WORK TO COMPLETE:
Skip the pictures. Retype exactly, and only, the lines between the line holding "Multicolored blurry bokeh" and the last line below, inclusive.

SUPPLIED DATA:
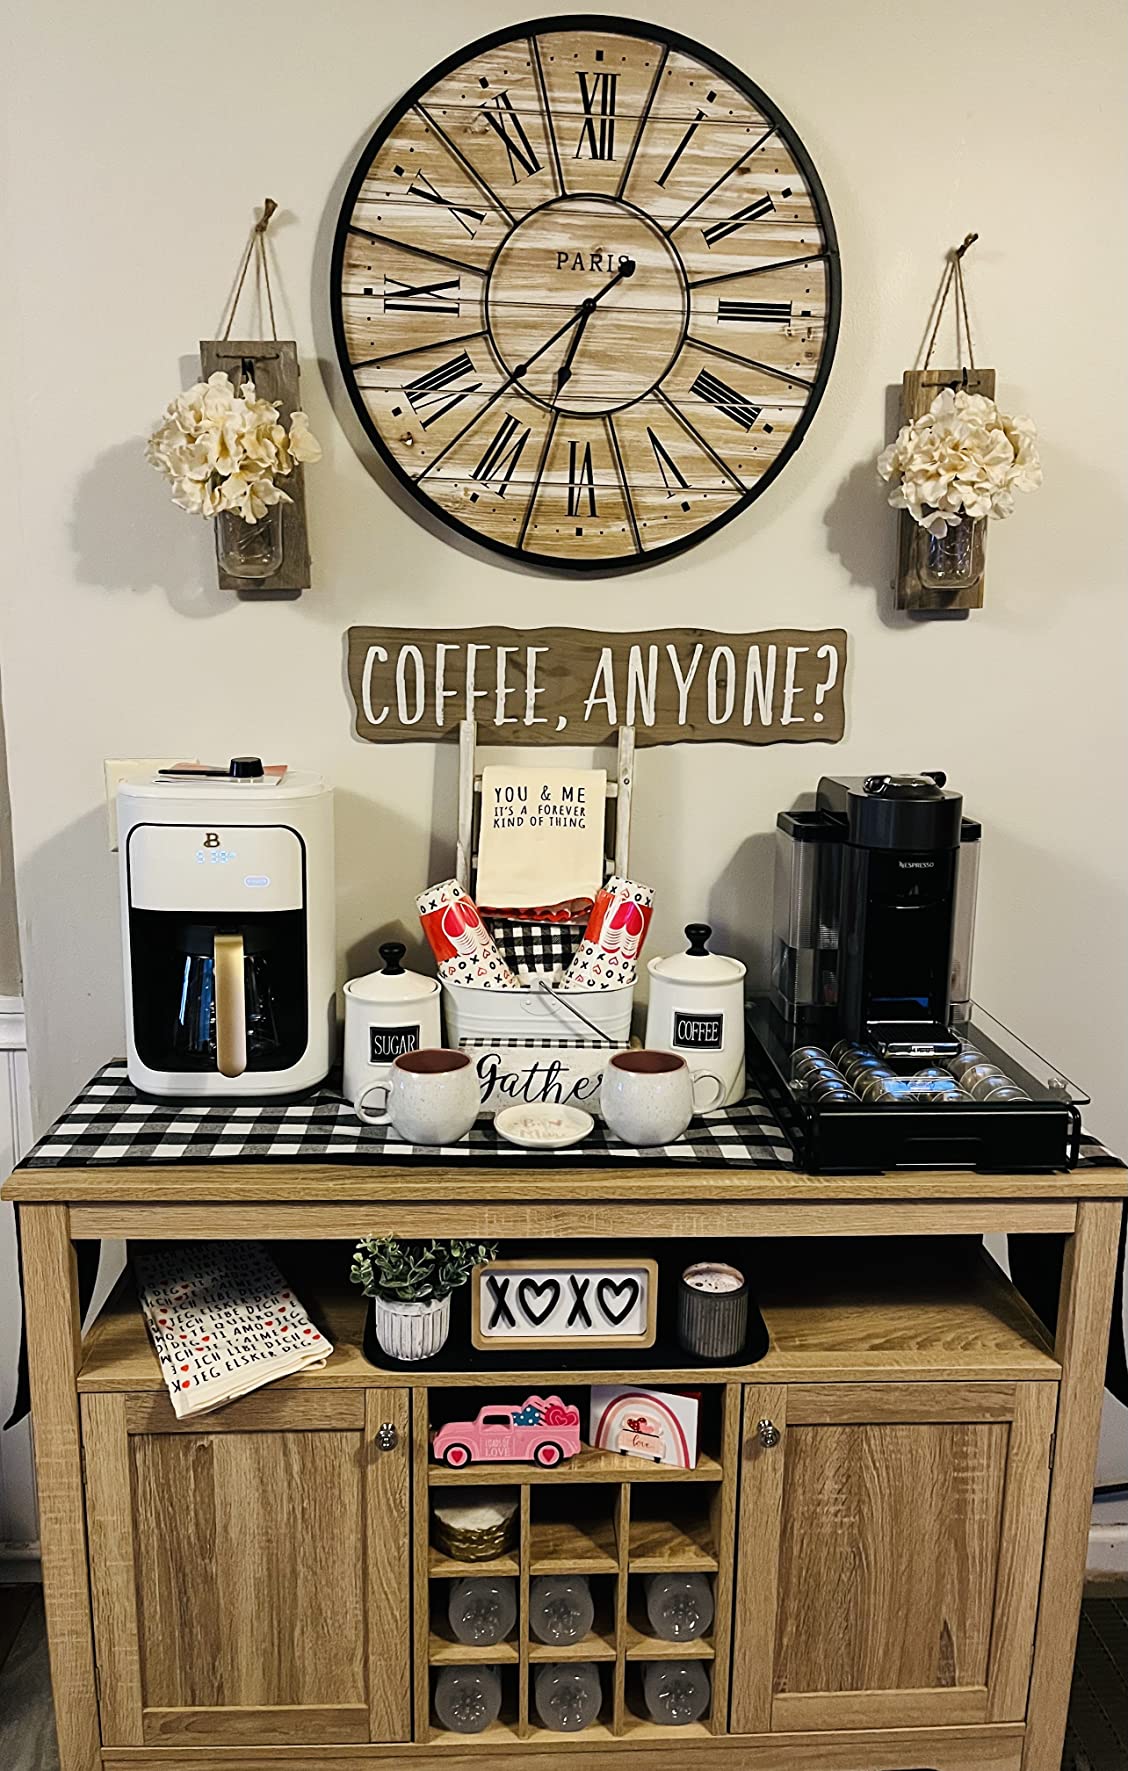 Perfect for my coffee station
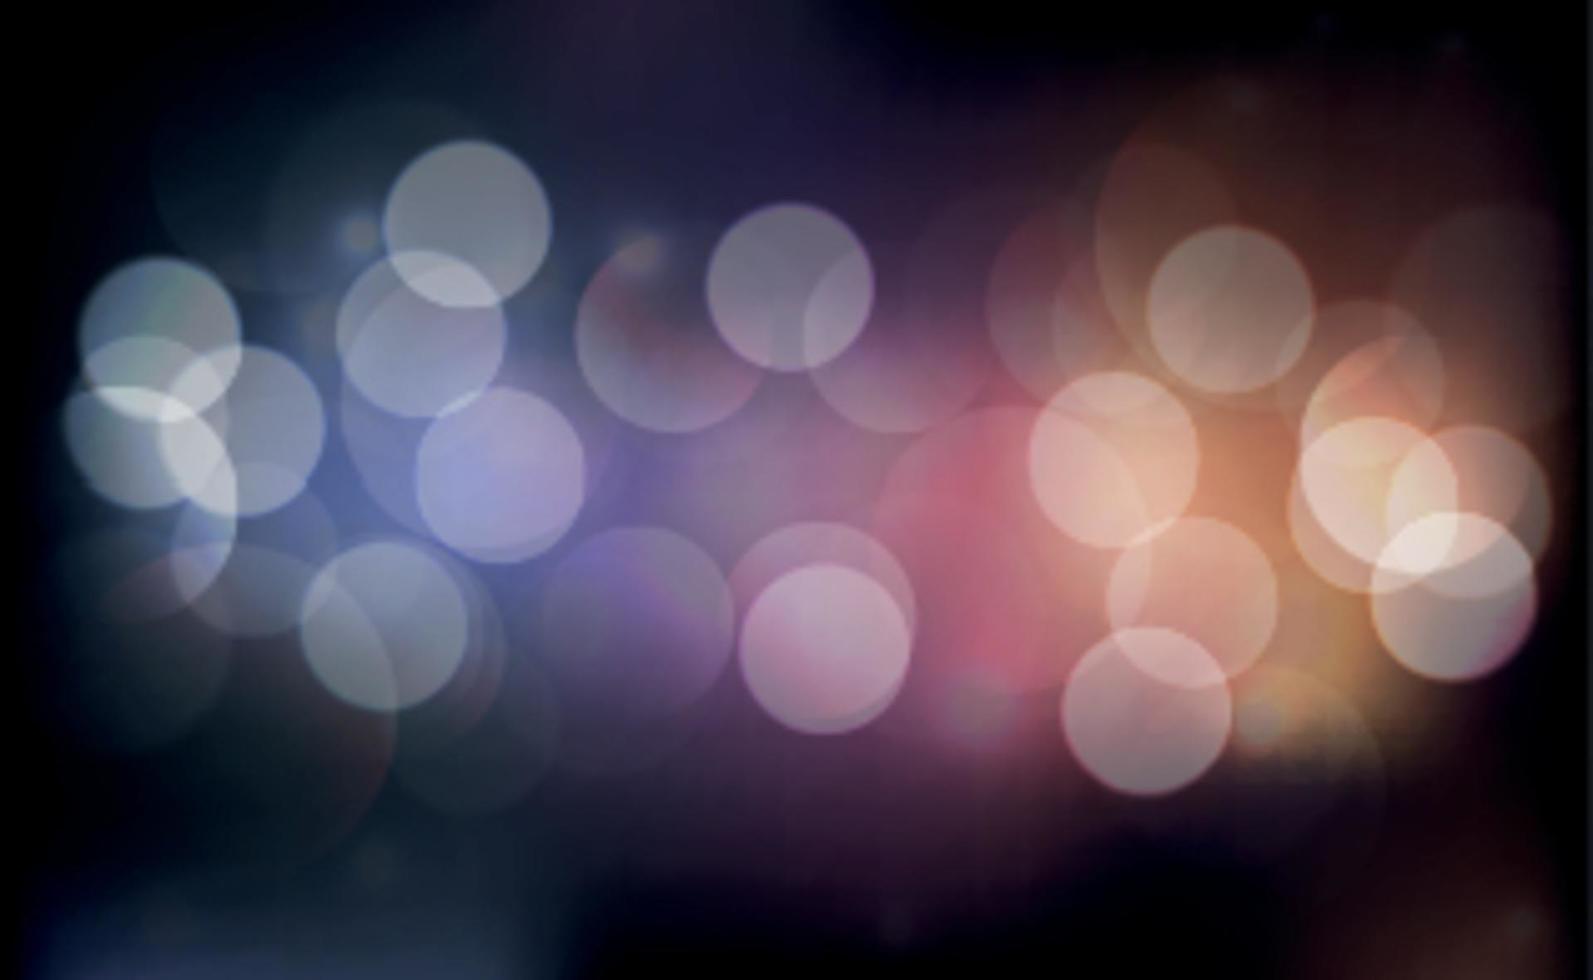 Multicolored blurry bokeh on a dark background vector
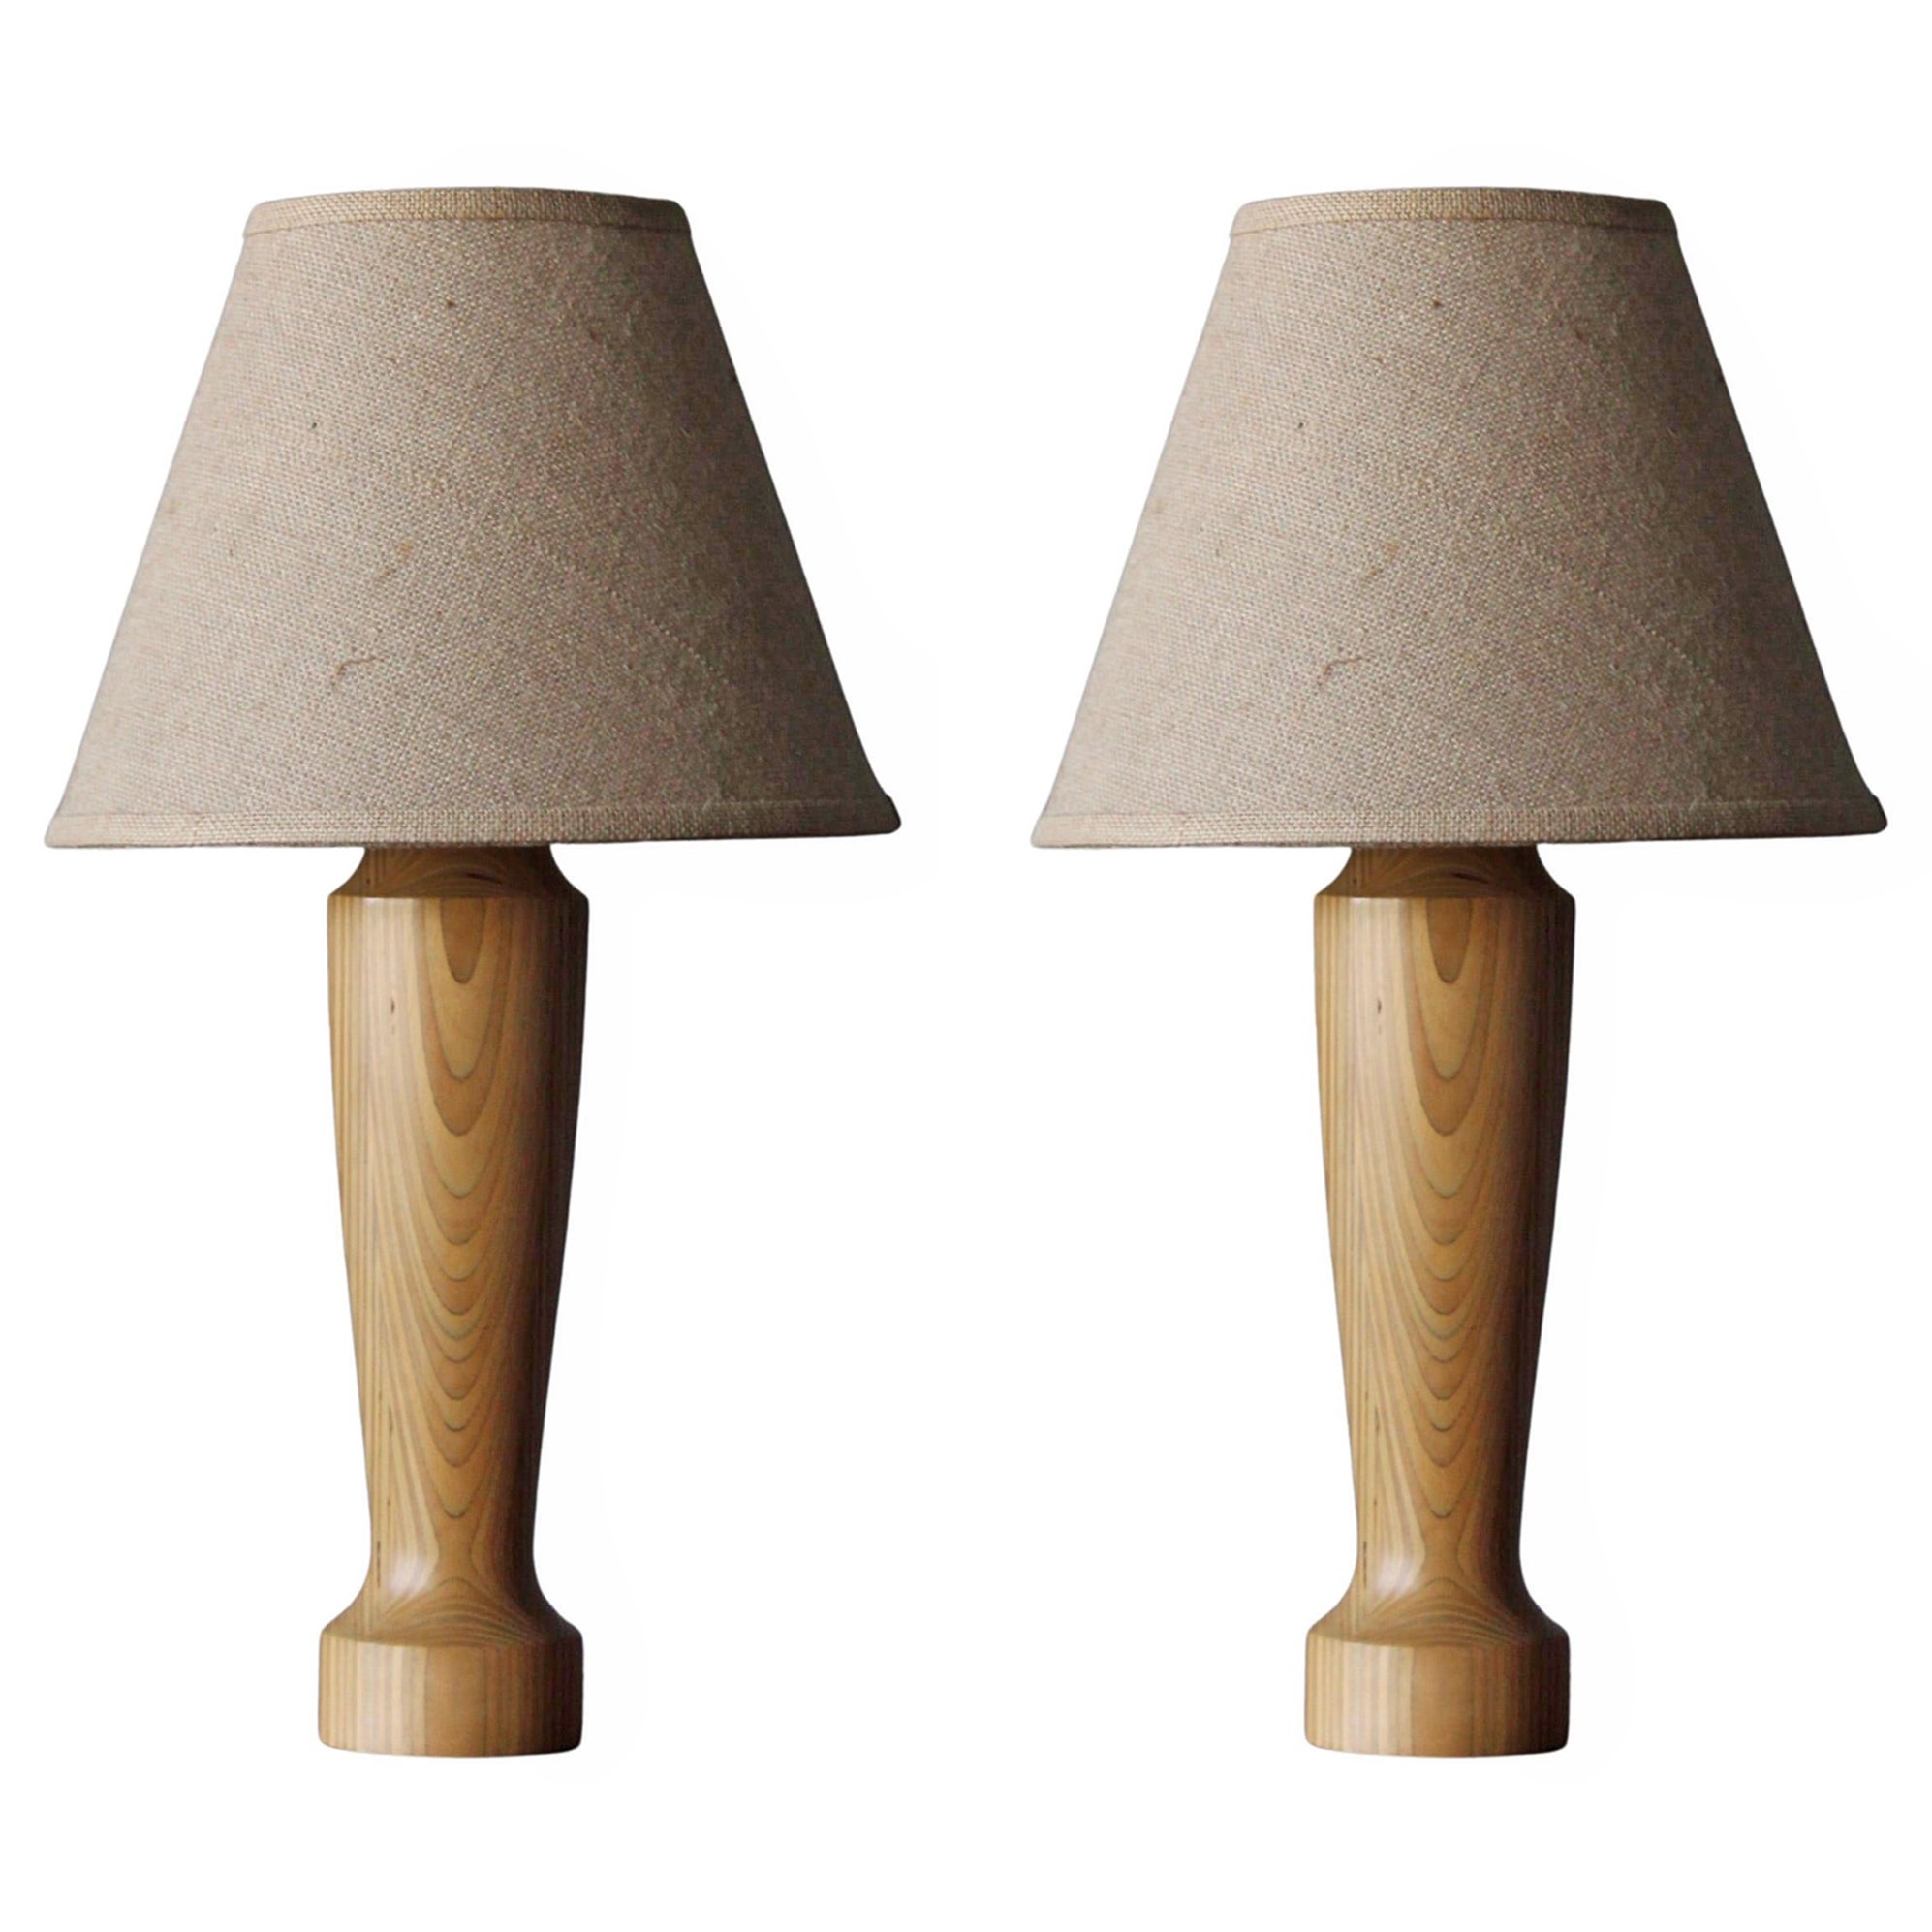 Swedish, Modernist Table Lamps, Laminated Turned Wood, Fabric, Sweden, 1960s For Sale
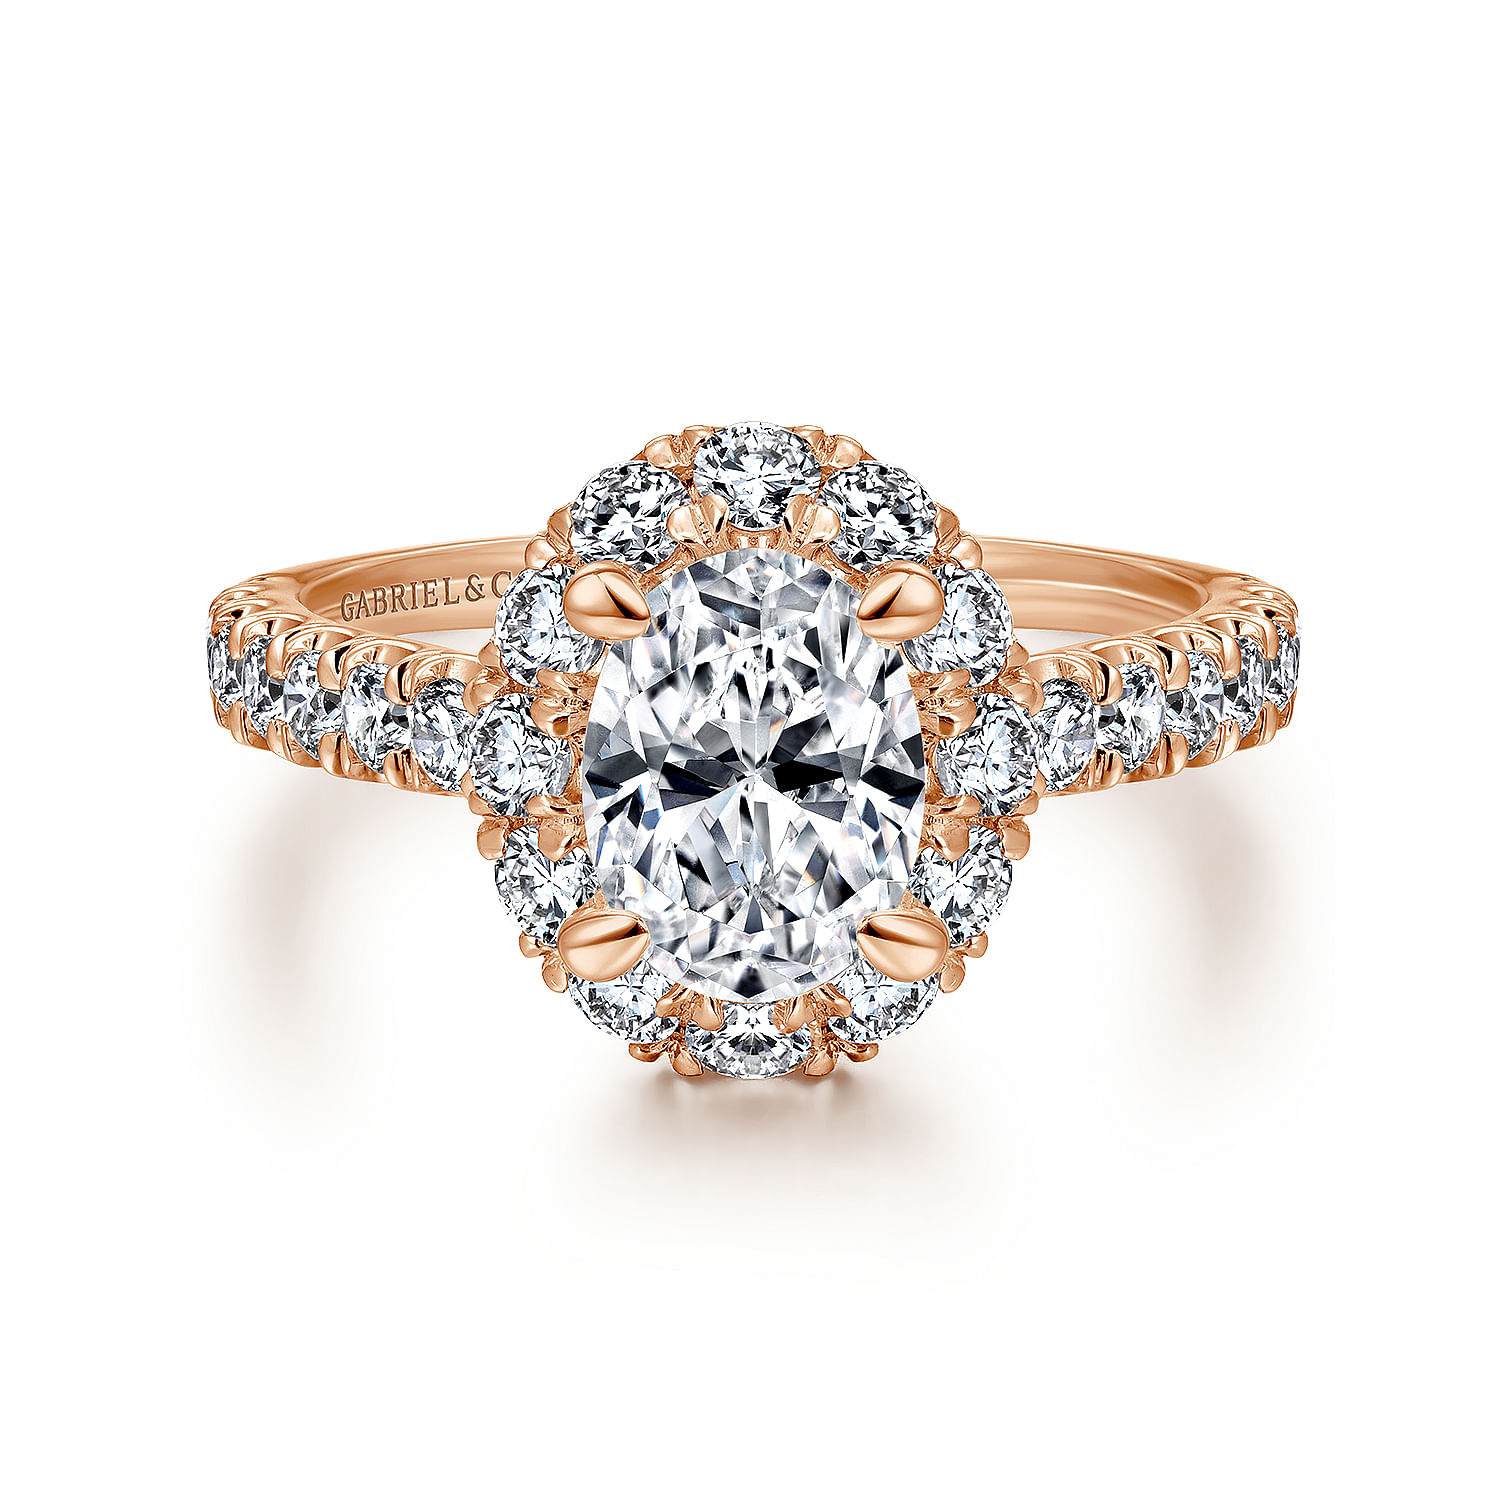 Sutton - 14K Rose Gold Oval Halo Diamond Engagement Ring

EXERCISE RESPONSE:
 Multicolored blurry bokeh on a dark background vector
 Swedish, Modernist Table Lamps, Laminated Turned Wood, Fabric, Sweden, 1960s For Sale
 Sutton - 14K Rose Gold Oval Halo Diamond Engagement Ring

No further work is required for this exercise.